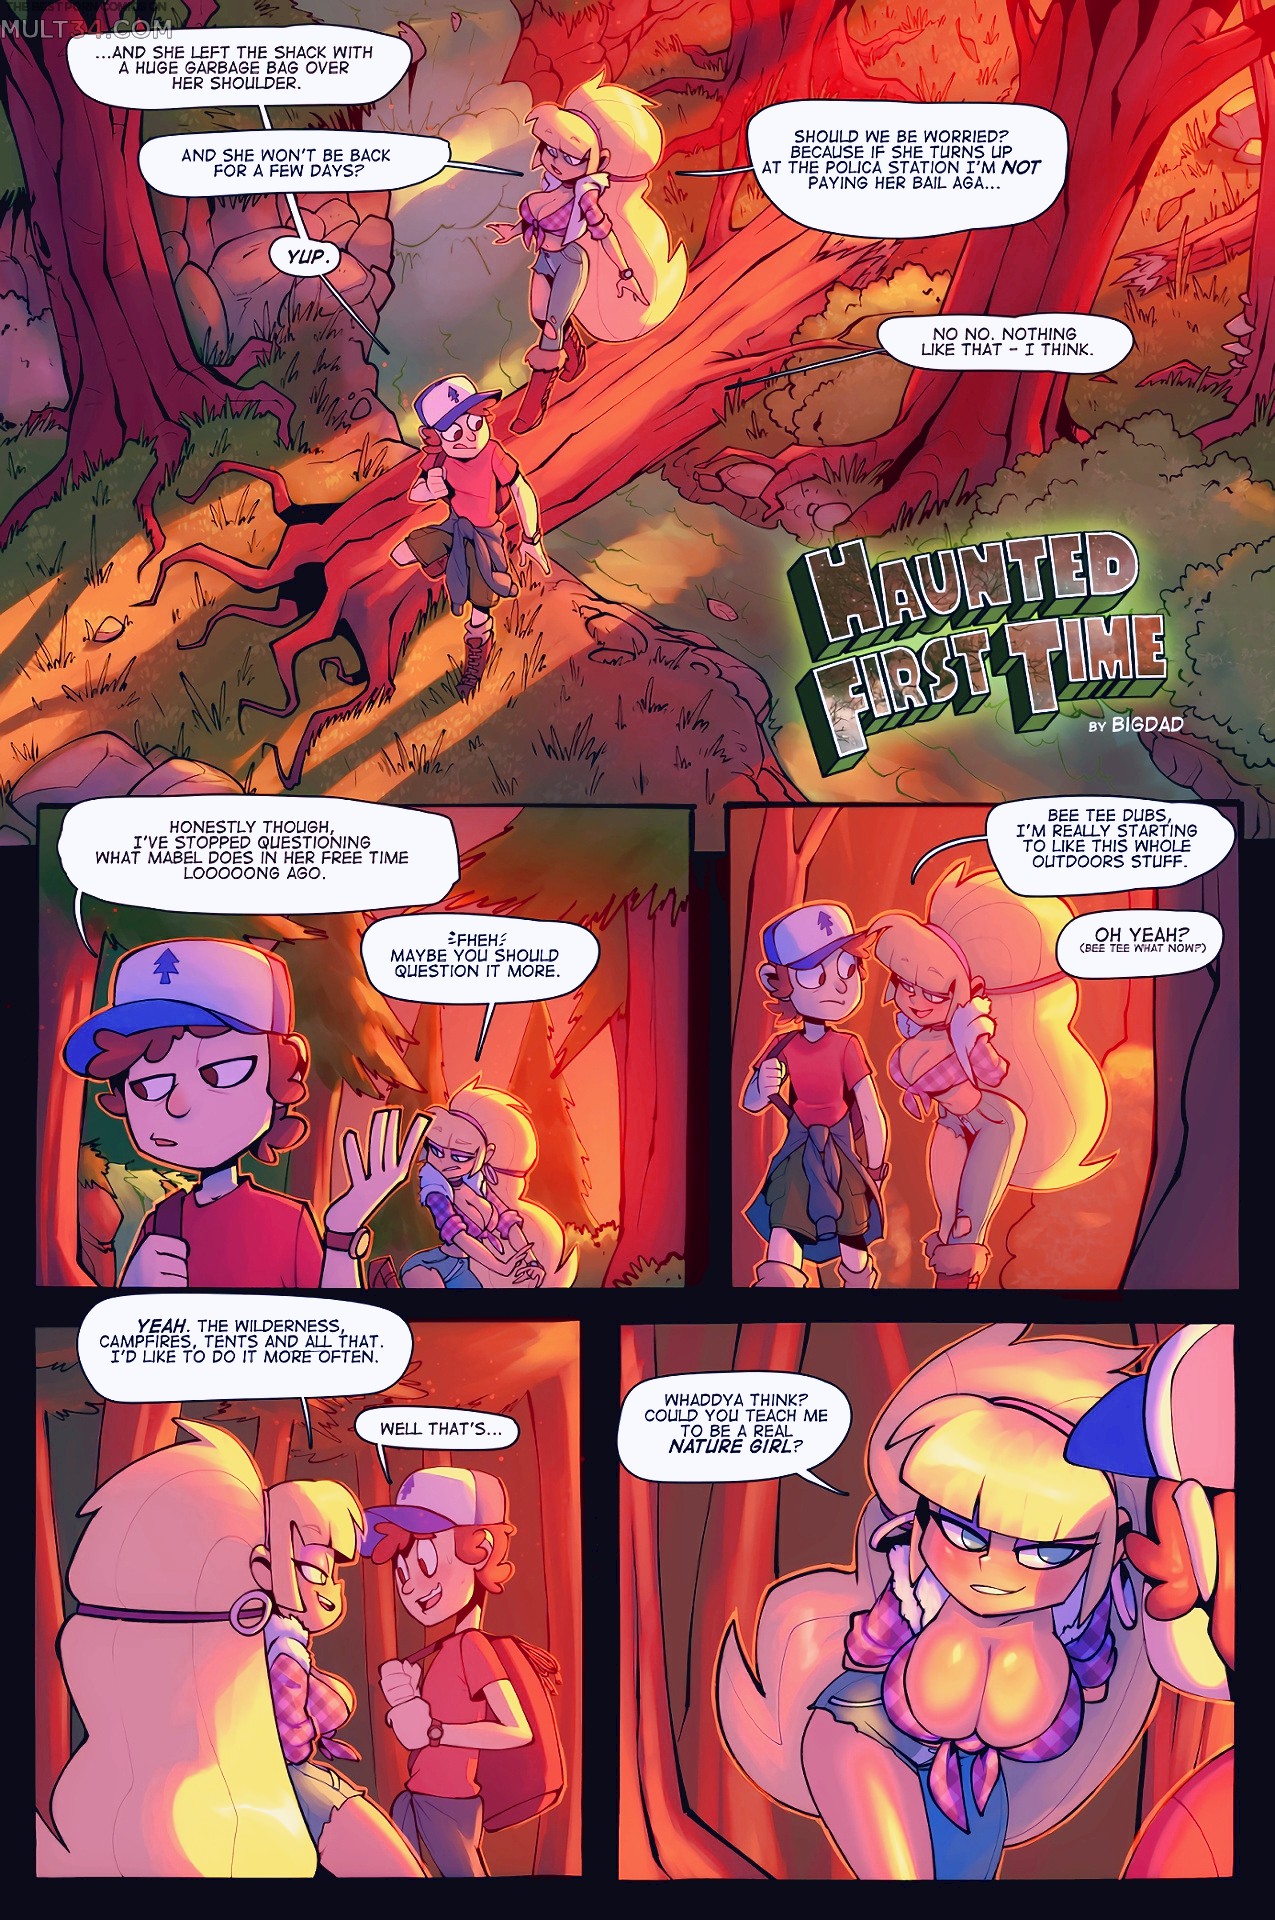 Cartoon Porn Gravity Falls Dipper And Pacifica - Haunted First Time porn comic - the best cartoon porn comics, Rule 34 |  MULT34
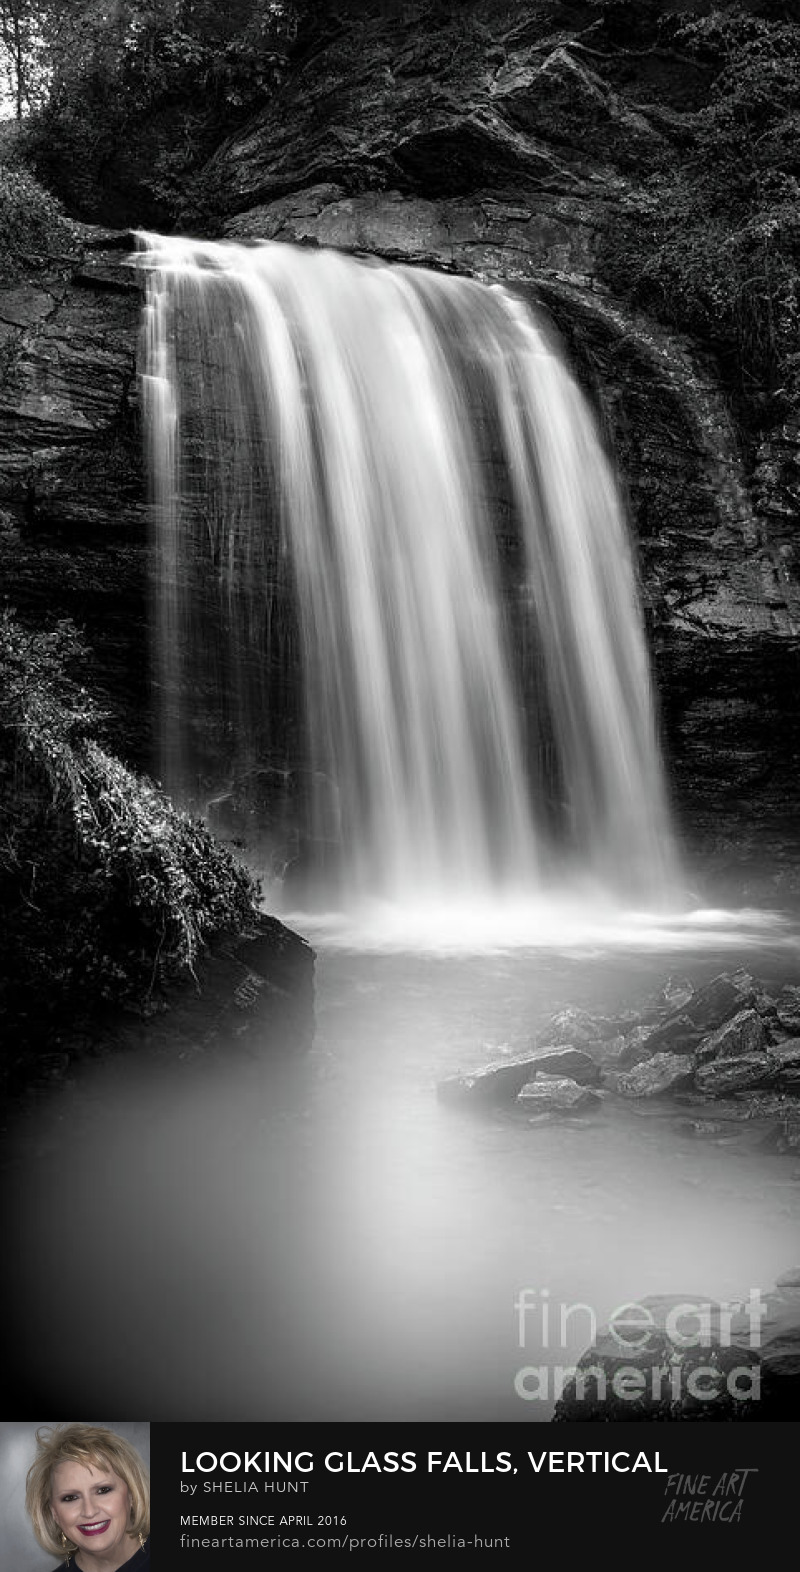 Looking Glass Falls vertical view by Shelia Hunt
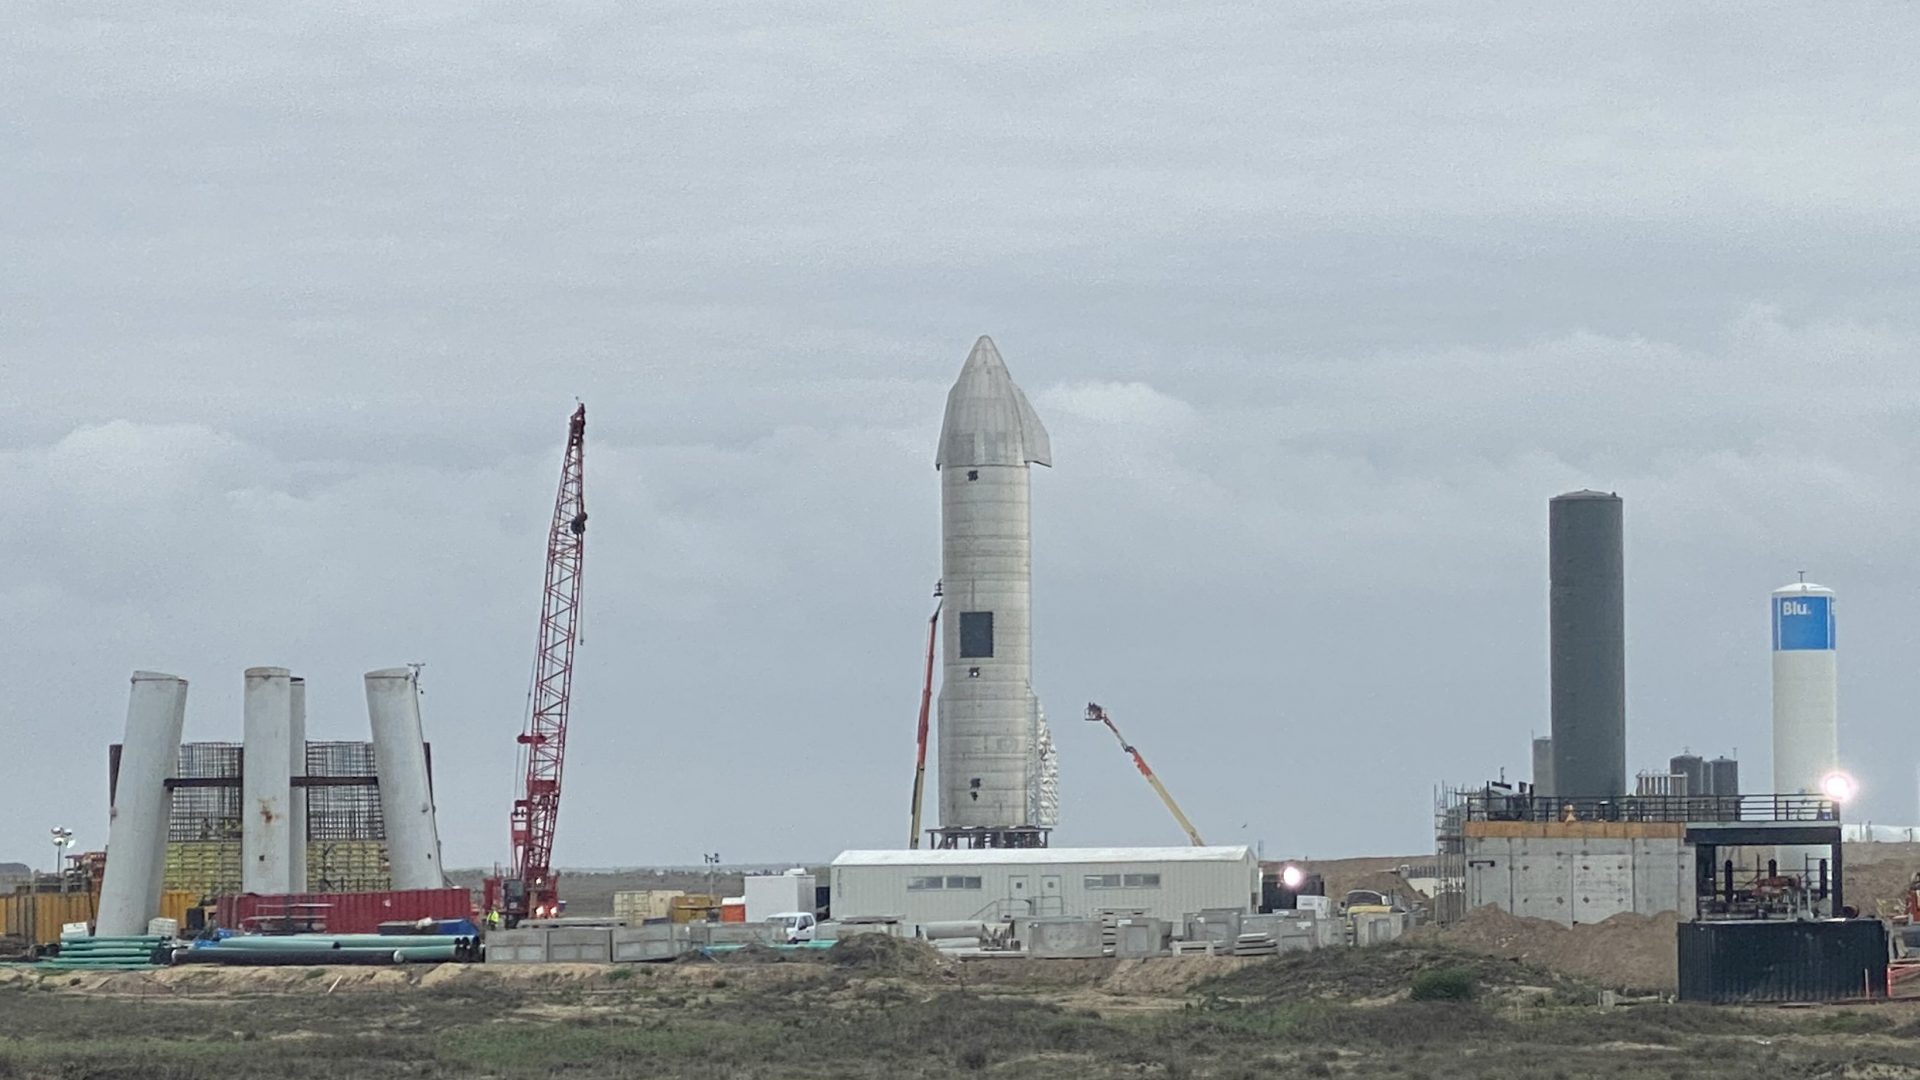 SpaceX’s SN15 Starship prototype rolls out to commence pad
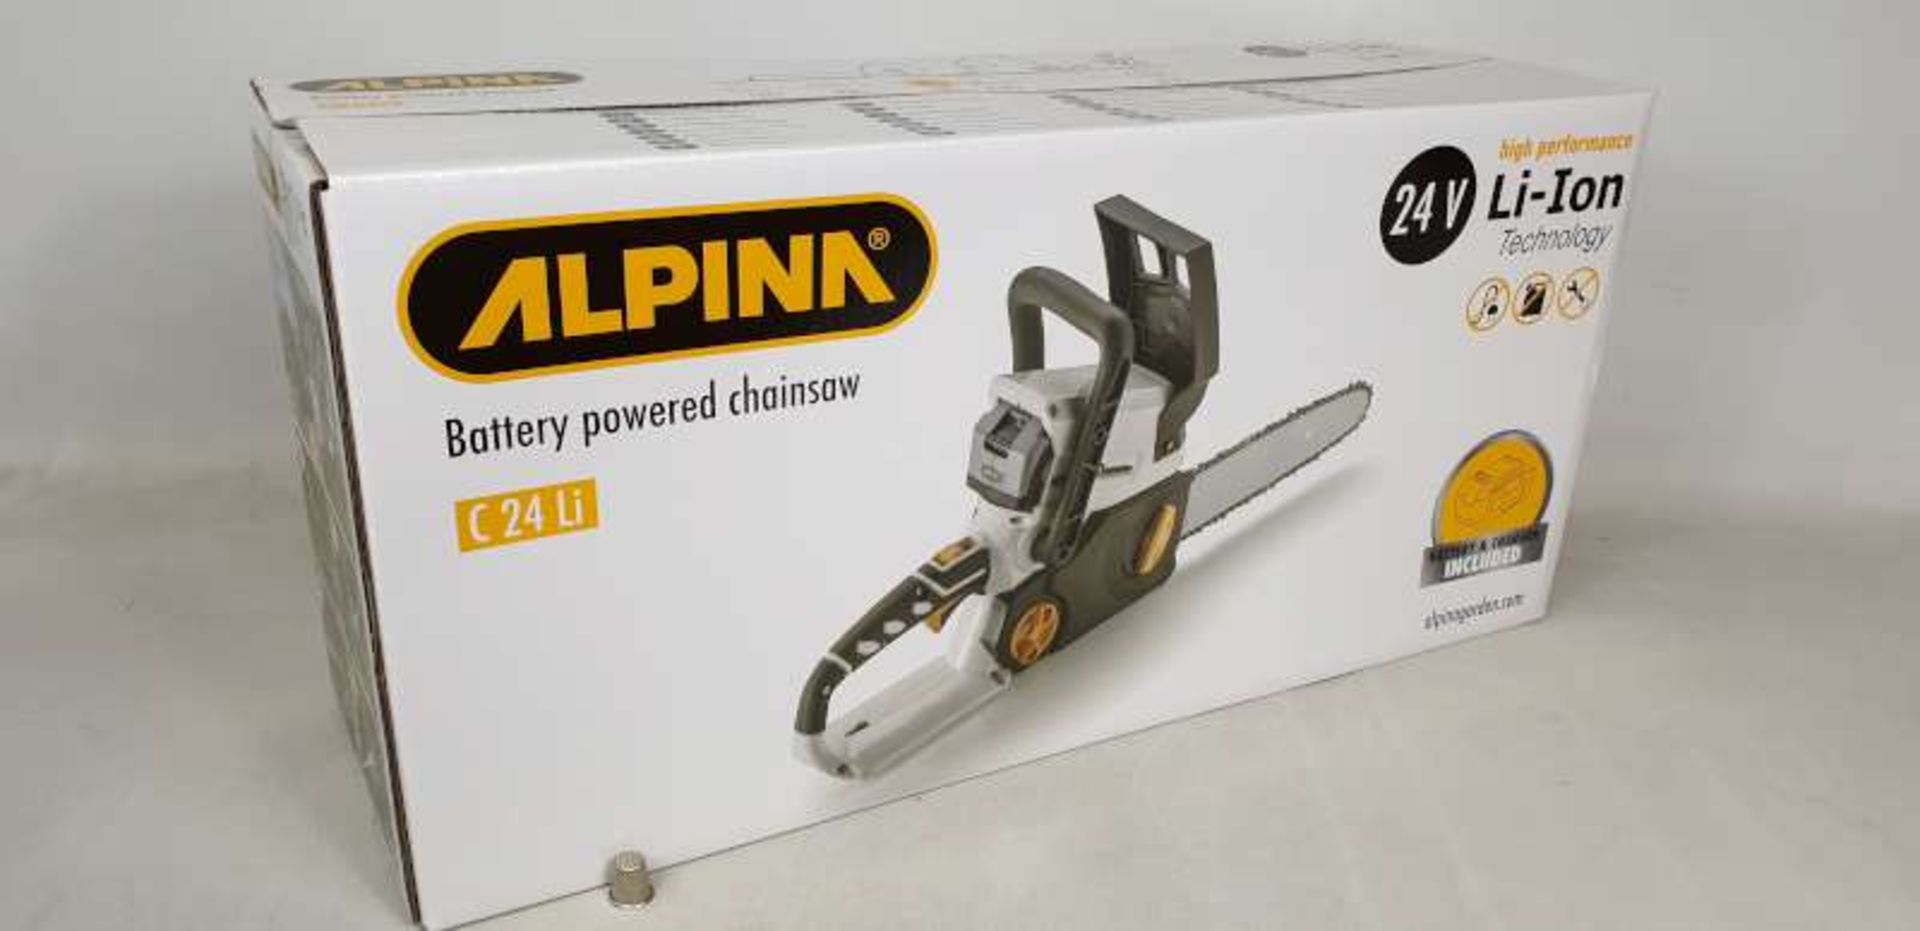 BRAND NEW BOXED ALPINA 24 VOLT LI - ION HIGH PERFORMANCE TECHNOLOGY BATTERY POWERED CHAINSAW,

▶ **PROBLEM**:
Give the listing again word for word, without its images.

▶ **EXERCISE RESULT**:
 Cartoon Porn Gravity Falls Dipper And Pacifica - Haunted First Time porn comic - the best cartoon porn comics, Rule 34 |  MULT34
 Looking Glass Falls vertical view by Shelia Hunt
 SpaceX’s SN15 Starship prototype rolls out to commence pad
 BRAND NEW BOXED ALPINA 24 VOLT LI - ION HIGH PERFORMANCE TECHNOLOGY BATTERY POWERED CHAINSAW,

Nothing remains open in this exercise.